Дети Шини — страница 70 из 93


Амелин тоже не засыпал. Слышно было только его дыхание, музыка не играла, спина напряжена.


— Ладно, — я примирительно похлопала его по плечу, — глупо сейчас ругаться. Ты действительно не обязан был ничего рассказывать. Просто я думала, мы друзья. Мне так почему-то казалось.


Он отозвался моментально, словно только этого и ждал.

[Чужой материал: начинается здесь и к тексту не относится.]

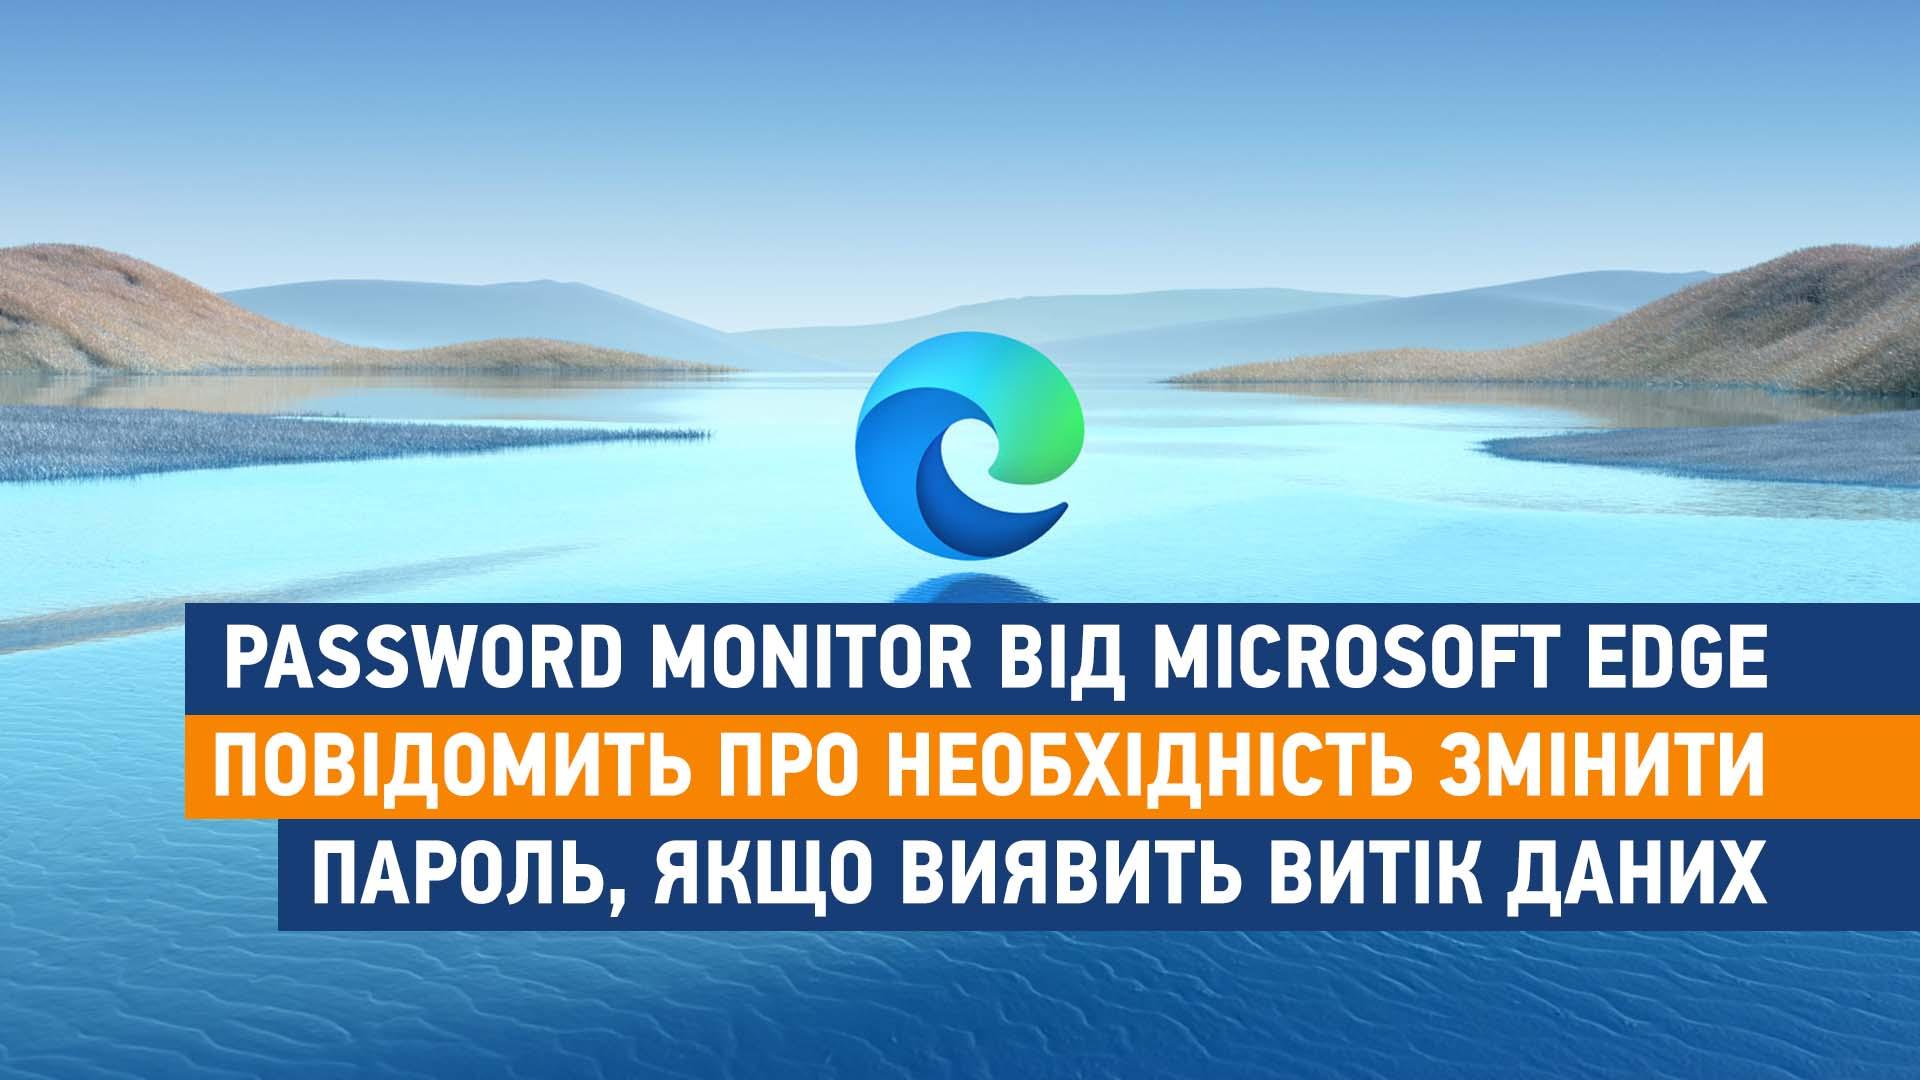 Microsoft Edge тепер сповіщатиме своїх користувачів про викрадені паролі - браузер, Microsoft, Google Chrome - shablon poglyad site
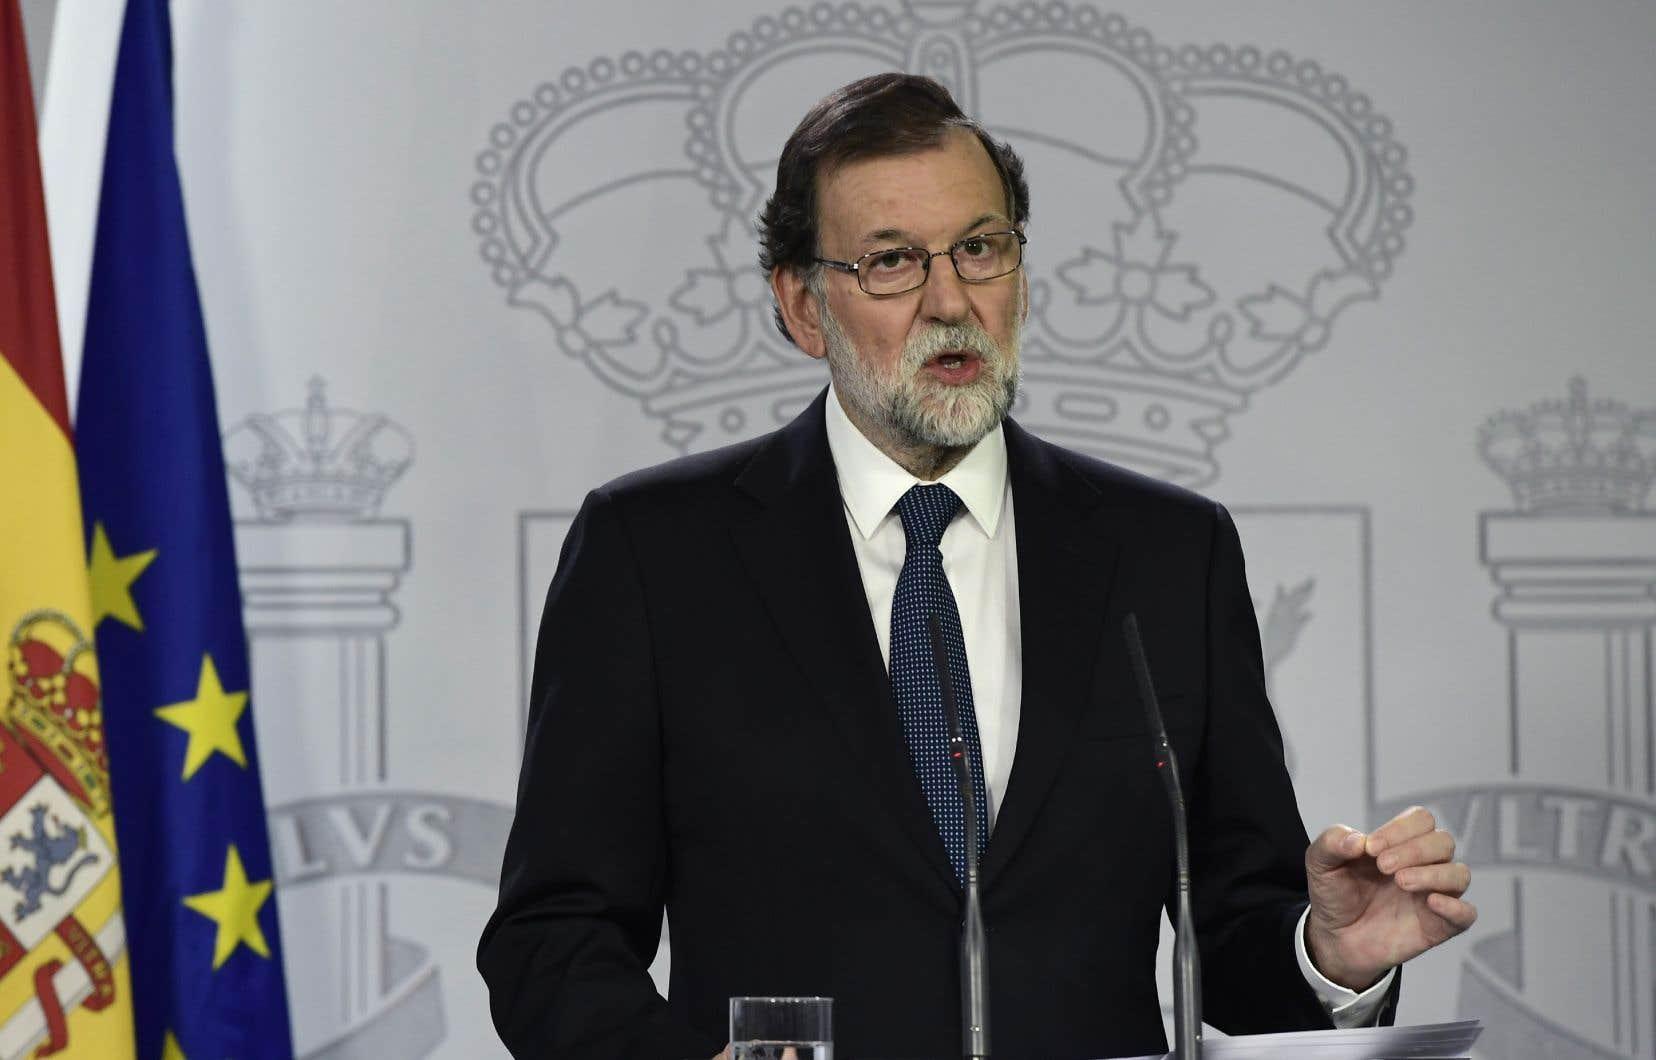 Des centaines de personnes vont y témoigner dont l'ancien chef de gouvernement conservateur Mariano Rajoy.

— Видимо, я должен был обмануть Петрова, — сказал серьёзно. — Ради тебя.


— Я такого не говорила.


— У меня никогда не было друзей. Так что не очень-то умею дружить. Знаю только, что нужно поступать честно. И я старался. Но сейчас всё как-то перепуталось. Теперь вижу, что одной честности недостаточно. Что нужно делать выбор, и всё равно, не важно, что выберешь, всё будет нечестно.


— Ты должен был понимать, насколько мне это важно.


— Но Петрову же тоже важно. Он только и думает, что о своем кино. Живет этим. В нем его смысл, понимаешь? Это очень круто, когда есть смысл.


— Ясно. Петров тебе важнее.


— Значит, всё-таки я прав, это вопрос выбора, а не честности, — Амелин развернулся ко мне лицом. — Я выбираю тебя. Ты важнее.


И, хотя я не могла видеть выражение его глаз, была уверена, что он смотрит на меня сквозь непроницаемую темень так, как тогда, когда умолял перестать думать об отъезде.


— Отвернись.


Он послушно повернулся обратно, а затем, нащупав мою руку, притянул её к себе и засунул в карман своего пальто.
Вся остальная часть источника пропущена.